In the following question I am trying to find the fixed points, stability, and then trying to see what it converges to.
To find the stability of this we must find $|f'(x^*)|$ to see whether it is $>1$ which would make it unstable or $<1$ which would make it stable.
$x_{n+1}=lnx_n$
So setting $f(x)=lnx$ and $f(x)=x$ to find the fixed point then $x=lnx$
But how do I find the value of this $x$ that makes $x=lnx$ work.
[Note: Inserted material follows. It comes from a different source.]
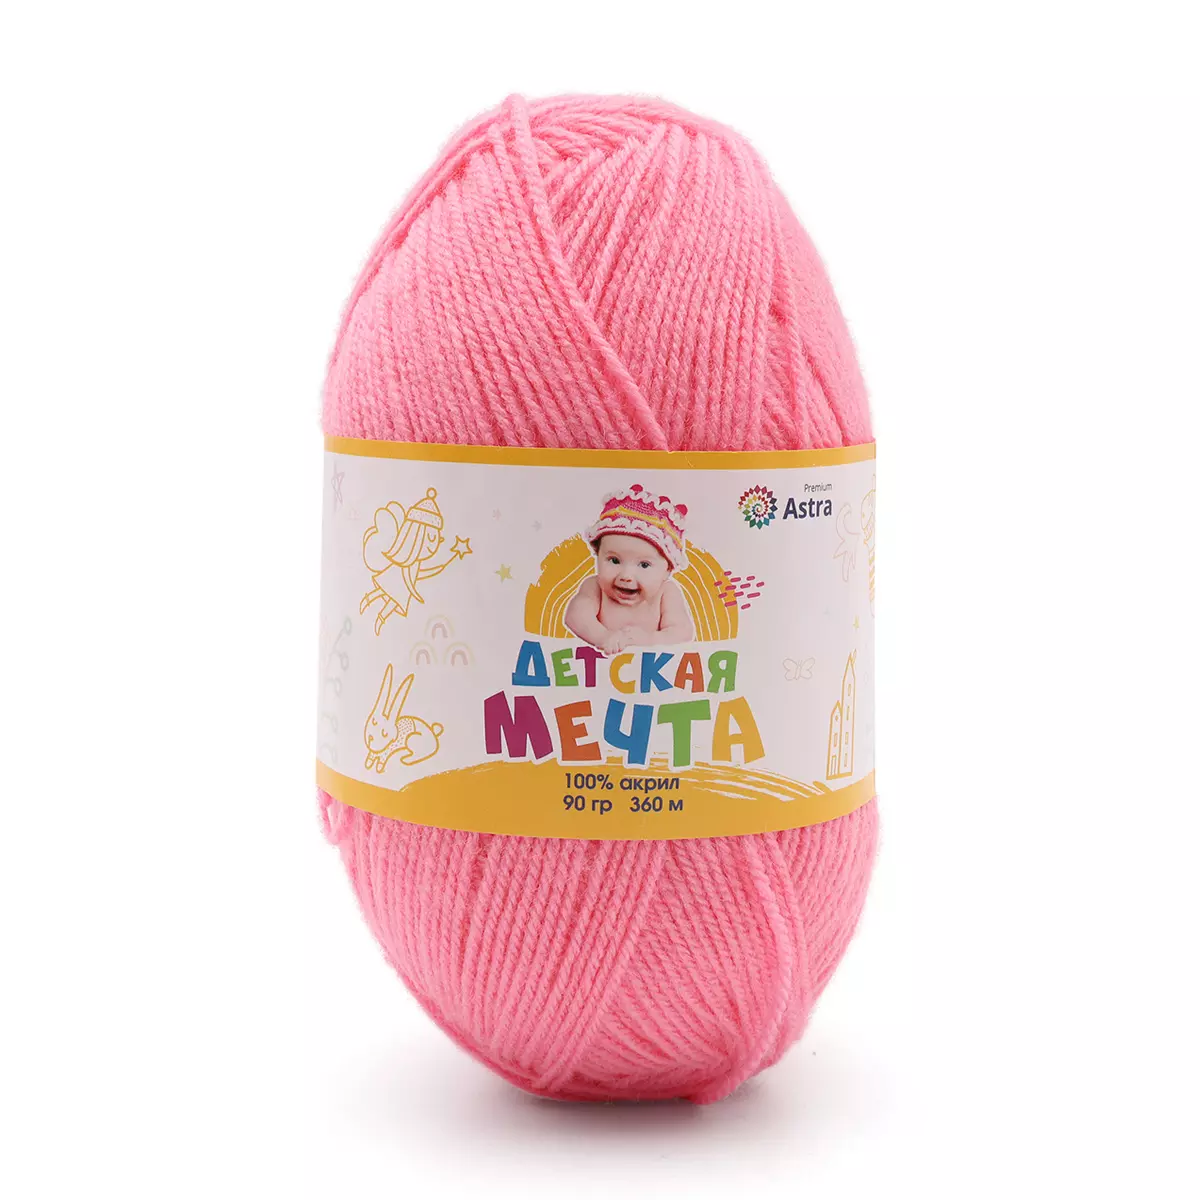 Пряжа Astra Premium 'Детская Мечта' 90гр 360м (100% акрил) ярко-розовый

You cant use $x=1$ because $1\ne 0$. I am not trying to use a graphical method either, trying to work it out numerically.
Once I have the fixed points, I could then use $|f'(x^*)|$ to find out whether $|f'(x^*)|<1$ to make it stable or whether $|f'(x^*)|>1$ which makes it unstable.
Are there any intersection points?
Let us rewrite the equation $x = \ln x$ satisfied by the stationnary points as $$ {-1} = {-\ln x}\, \text{e}^{-\ln x} \, , $$ which is of the form $X \text{e}^{X}= Y$ with $X={-\ln x}$ and $Y={-1}$. The solutions are $X=W (Y)$, where $W$ is the Lambert W-function. Hence, $$ x = \text{e}^{-W (-1)} = -W (-1) \, . $$ This value is not real, since the natural logarithm $x\mapsto \ln x$ and the identity $x\mapsto x$ don't cross on the real line.
When studying the present dynamical system, one can observe that $x_{n+1} = \ln x_n \leq x_n -1$. The sequence $x_{n+1}= x_n -1$ is strictly decreasing with no limit, and so does $x_{n+1} = \ln x_n$ (until $x_n \leq 0$ for some $n$, where $x_{n+1}$ becomes complex).